China's consumer prices, repeating their July performance, climbed 5.3 percent year-on-year in August, putting more pressure on the central bank to raise Renminbi interest rates for the first time in nine years.
Higher food and public utility prices during the month kept the consumer price index (CPI) -- policy-makers' key inflation gauge -- at a relatively high level, said Qi Jingmei, an economist with the State Information Center (SIC).
Prices for public utilities such as water, electricity and fuel rose 9.6 percent year-on-year in August, according to the National Bureau of Statistics. Grain prices jumped 31.8 percent while egg prices increased 30.3 percent. Prices for fresh vegetables edged up 5.8 percent year-on-year.

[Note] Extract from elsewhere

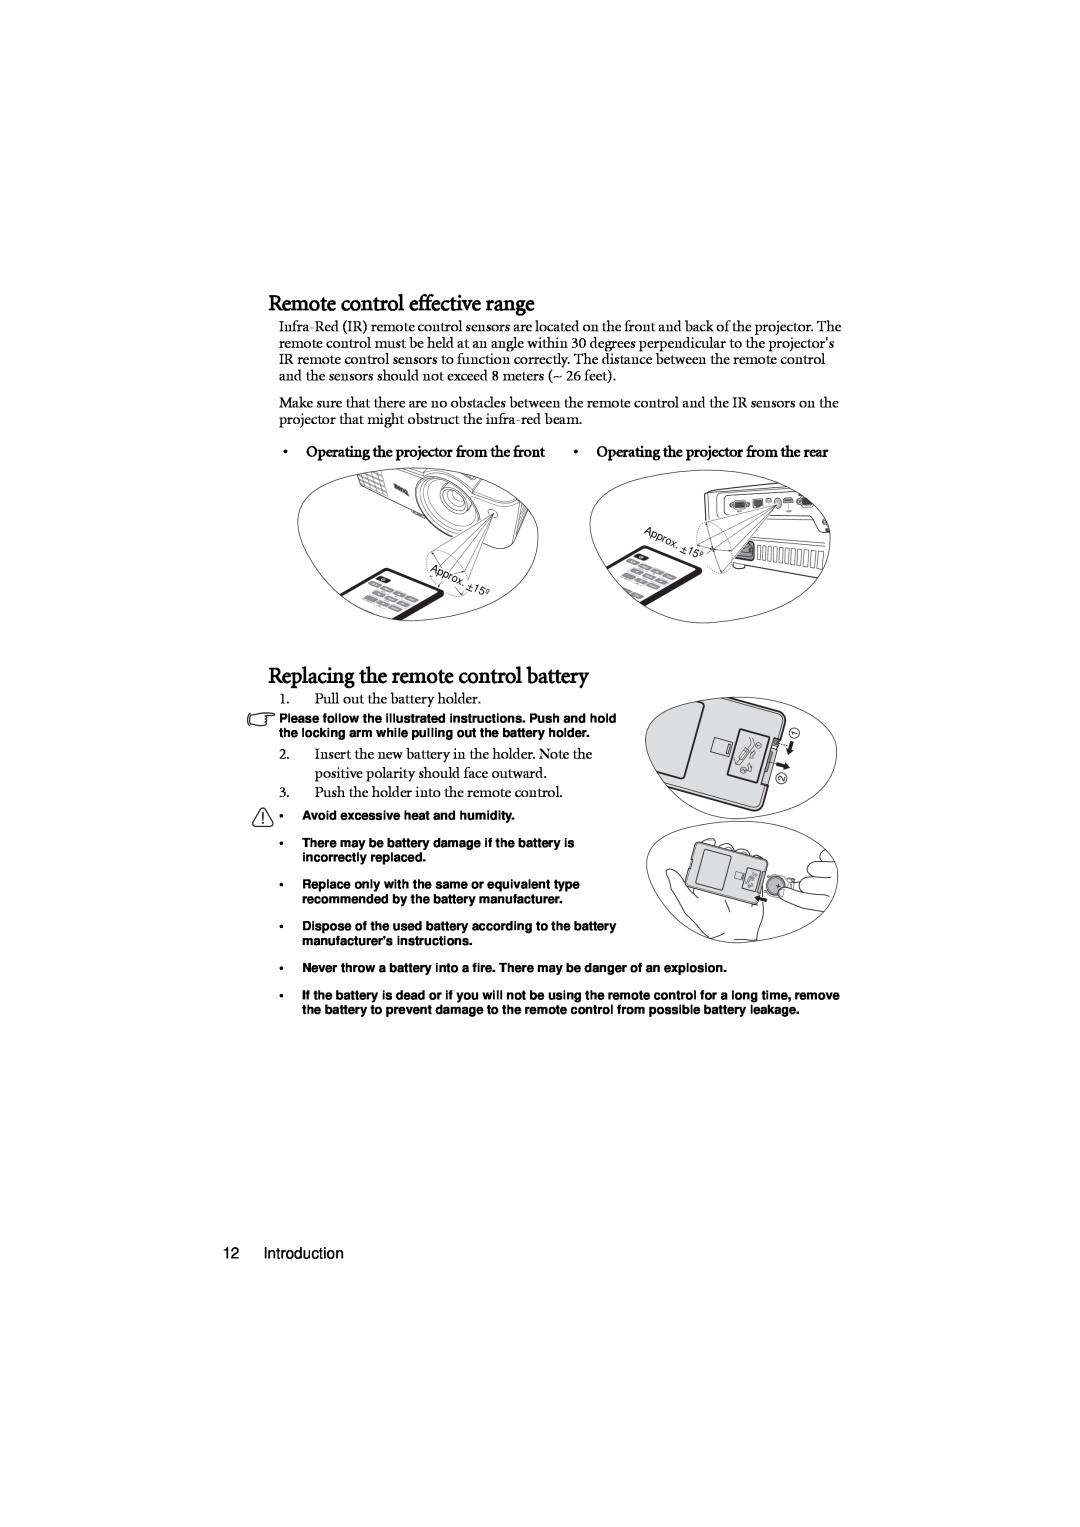 BenQ MX701 user manual Remote control effective range, Replacing the remote control battery

Governor Zhou Xiaochuan said last week that the central bank would decide whether to raise the interest rate or to resort to other tightening measures after the National Bureau of Statistics released major economic figures in August.
The figures, however, are mixed. Growth in fixed asset investment and money supply slowed in August, but the industrial output growth picked up.

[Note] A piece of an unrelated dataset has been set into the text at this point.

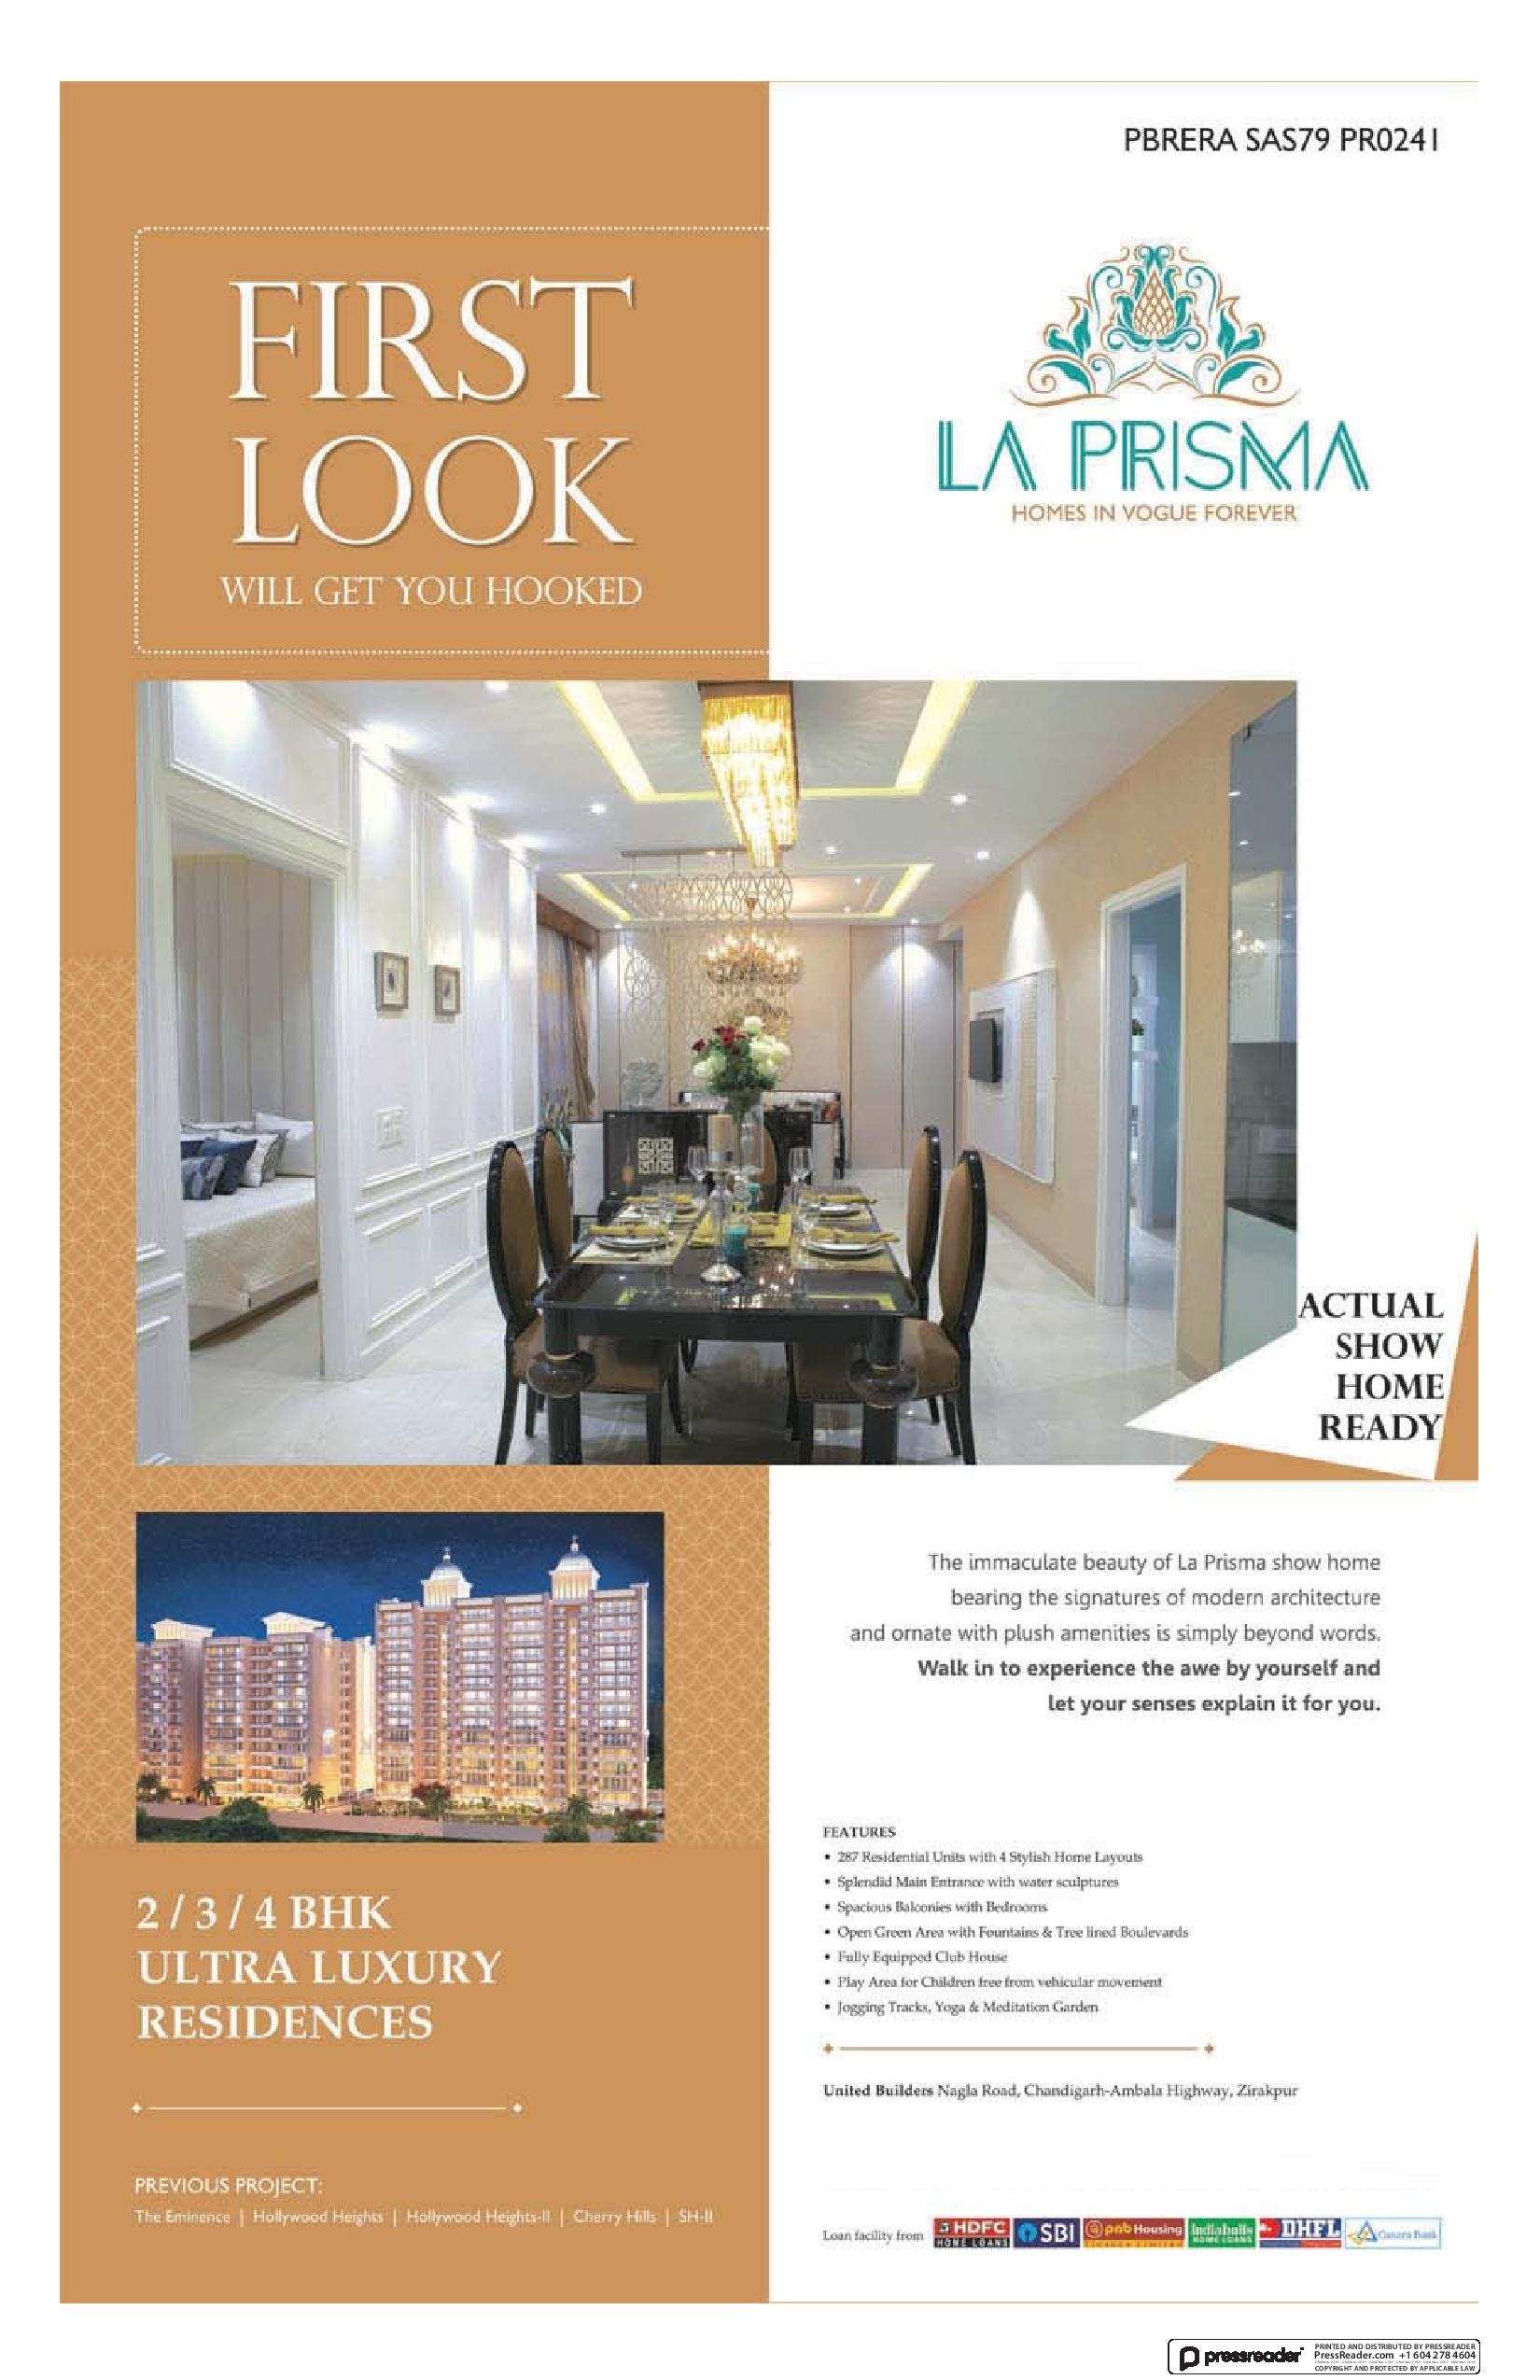 Actual show home ready at United La Prisma in Chandigarh Update

Niu Li, also a SIC economist, said the government should keep a close watch on prices, because the upward pressure is already great.
International oil prices rose as high as US$49 per barrel during the past few weeks.
"There are also signs that raw material prices may rebound," said Niu.
The rising CPI has already put consumer savings into negative interest rate territory, which can lower consumer expectations for the future. A recent survey by the People's Bank of China -- the central bank -- indicates that public satisfaction with current consumer prices is at its lowest level since 1999.
The negative interest rate also leads to a decline in bank deposits.
Many analysts and economists believe that the government should raise the Renminbi interest rate to increase consumer confidence.
Ba Shusong, a senior financial analyst from the State Council's Development Research Center, believes the time has come for China to make the move.
"The detailed methods can cover many areas, for instance, adjusting interest rates to a certain level, giving the market a role in deciding the rates and continuing to expand interest rate fluctuation margins."
Meanwhile, Premier Wen Jiabao told a meeting of the State Council on Monday that the government should continue to control credit growth and the use of land for new projects strictly to prevent further economic overheating.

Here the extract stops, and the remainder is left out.